In a rare demonstration of political activism, the Arizona Students Association, our student-funded, student lobbying group, has put its atrophied muscles behind a proposal to limit student tuition hikes. Tired of being ignored by the Arizona Board of Regents, these young politicos have appealed to their bosses, the state legislature, for tuition relief.

The proposal, HB 2338, would cap any tuition increase at inflation plus 1 percent per year. Proponents, including ASA members and sponsor Rep. Mike Gardner, R-Tempe, argue the bill is necessary to restrict the board from capitulating to the financial whims of university presidents who consistently call for higher tuition to cover the costs of improving a public higher education system that is, at best, under-funded by the state legislature.

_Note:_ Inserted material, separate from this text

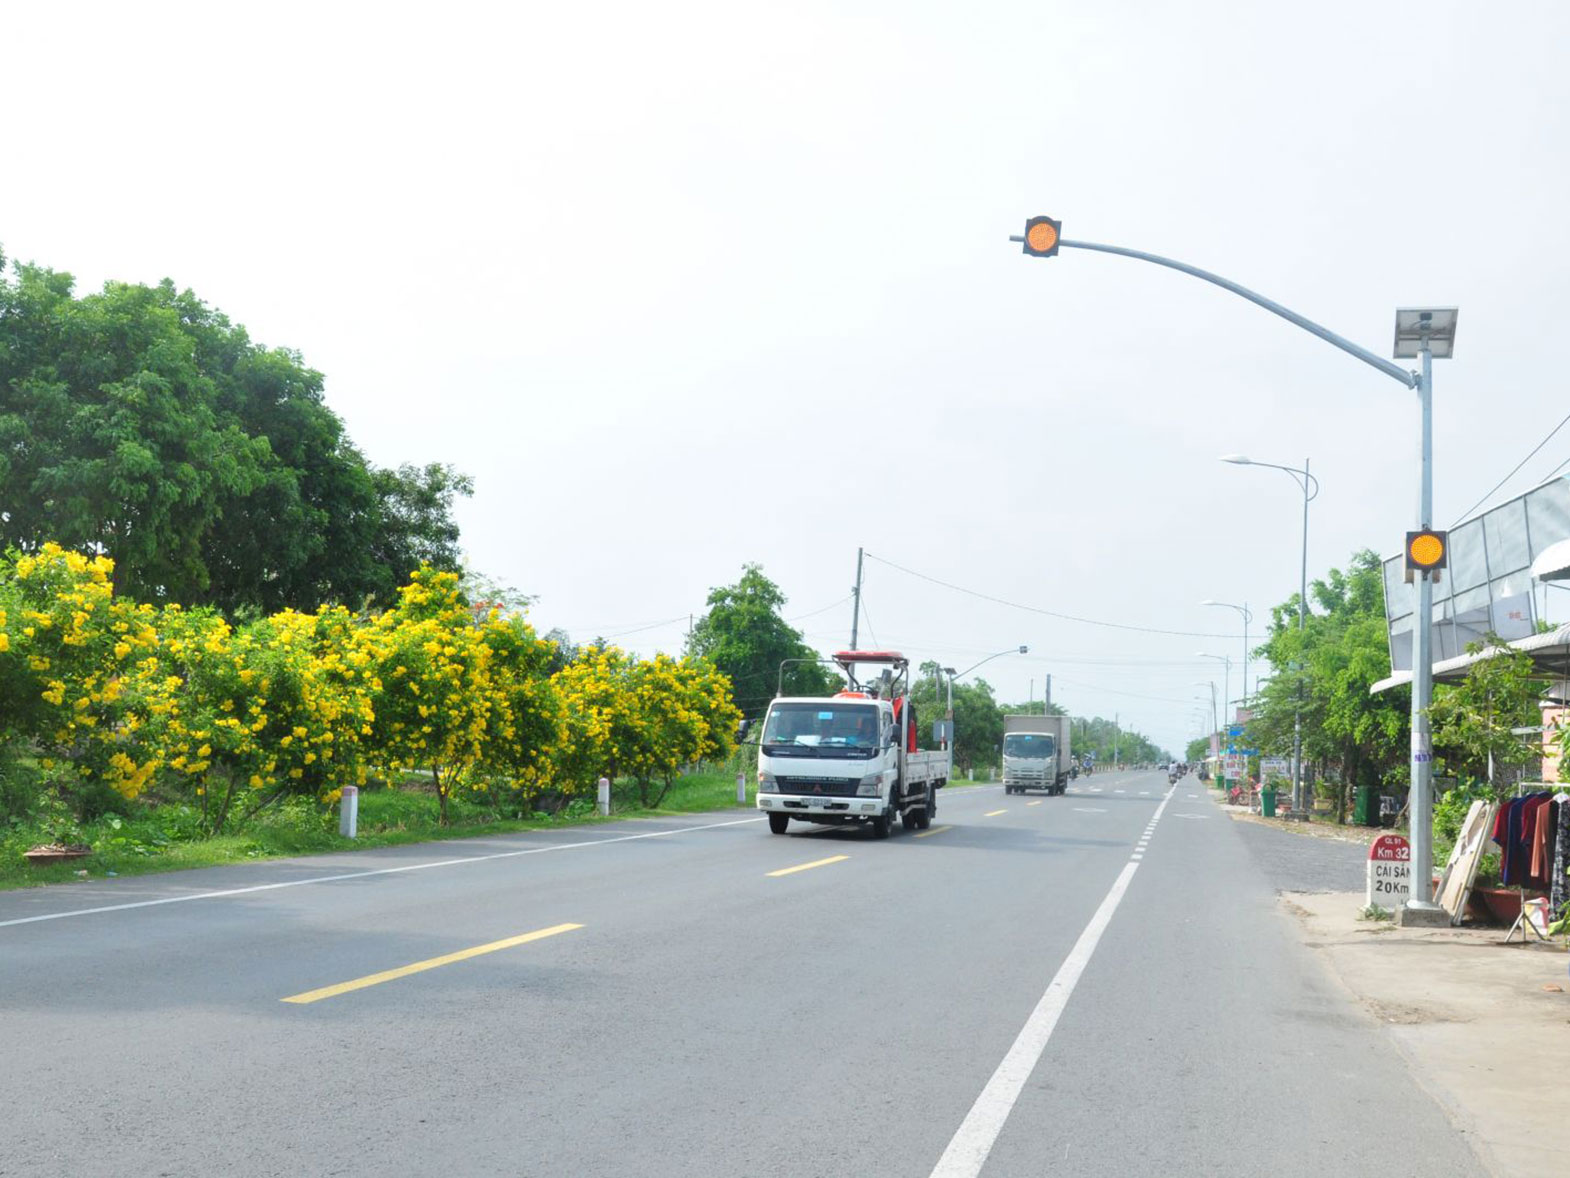 Việc phường Tân Hưng đề nghị lắp trụ đèn tín hiệu giao thông tại điểm giao giữa quốc lộ 91 với đường vào 3 trường học đã góp phần bảo đảm an toàn giao thông cho học sinh. Ảnh: ANH DŨNG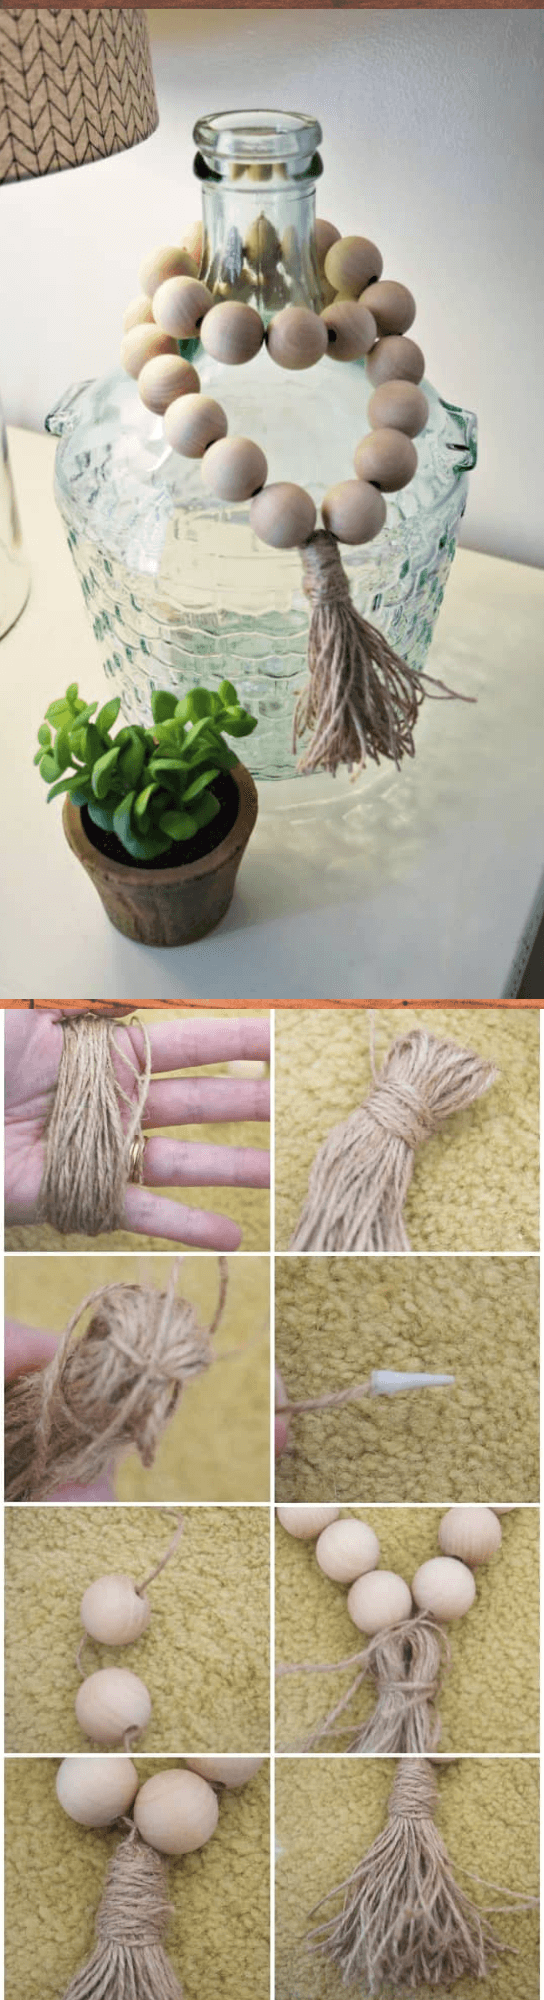 DIY wooden bead garlands

At first glance, this proposed law appears to be the answer to the prayers of student leaders who have found, as ASA Director Adam Talenfeld has said, even their most effective regent-lobbying campaigns rebuffed.

Over student objections this fall, the regents approved a 4.7 percent tuition increase recommended by President Peter Likins. The increase amounts to $100 for in-state students and $300 for out-of-state students. That increase is part of Likins' overall plan to move Arizona university tuitions from the basement of public institutions to the first floor in hopes of securing the financial futures of the schools.

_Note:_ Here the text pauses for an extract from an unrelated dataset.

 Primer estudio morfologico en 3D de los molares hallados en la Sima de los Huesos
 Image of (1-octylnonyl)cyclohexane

Student officialdom's support of the bill, Talenfeld told the Arizona Daily Wildcat, amounts to a rejection of Likins' plans. In fact, Talenfeld said, the proposal should spark a debate over what the quality of the university education the state offers should be. Talenfeld rightly pointed out that the legislature and the higher education community have very different ideas on what that quality should mean. The looming battle over university budgets is testament to the difference.

Against that background, the student-supported HB 2338 seems, at best, a misguided attempt to address the very real financial difficulties of students by selling the university system down the river to the same legislators Talenfeld and others are so bitterly fighting over proposed budget cuts. Our student leaders have in effect declared the enemy of my enemy is my enemy.

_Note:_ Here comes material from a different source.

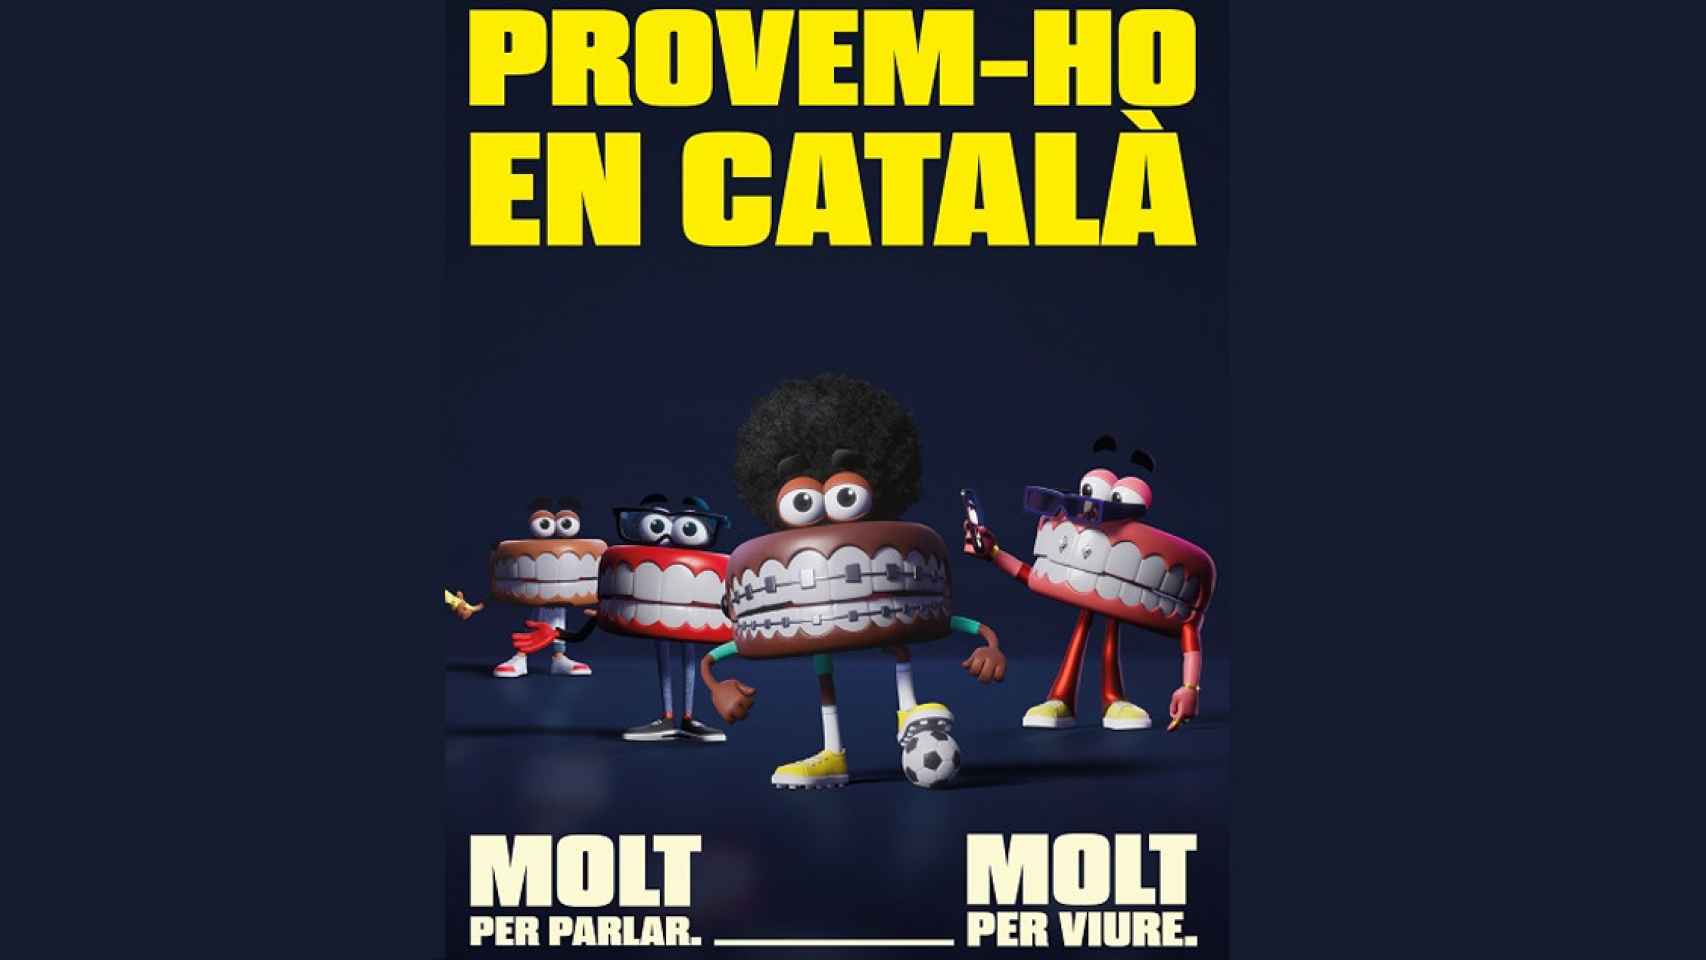 Campaña de la Generalitat de Cataluña para imponer el uso del catalán

The board is charged by statute with the "powers necessary for the effective governance and administration of the institutions under its control." Among the powers the legislative creators of the board saw as important was the ability to "fix tuitions and fees." Constitutionally, those processes should be "as nearly free as possible." An extraordinarily reasonable reading of the Arizona Constitution by the regents says "nearly free" demands tuition remain in the lower third of tuitions nationwide. Under those terms and with less than acceptable help from the state government, the UA and other schools have worked to create top-rated institutions, universities with degrees that will look attractive on Talenfeld's resume.

Make no mistake, HB 2338 is a radical stripping of the regents' powers and as such works against the goals of the university and the students themselves. The bill might as well eliminate the body in favor of direct legislative oversight. The legislature is no friend of the university system, said Talenfeld, ASUA President Tara Taylor and other pizza protesters yesterday during their mall demonstration. Why then should we as students support a measure to surrender total control of the university funding process to an anti-education legislature? Maybe we're just stupid.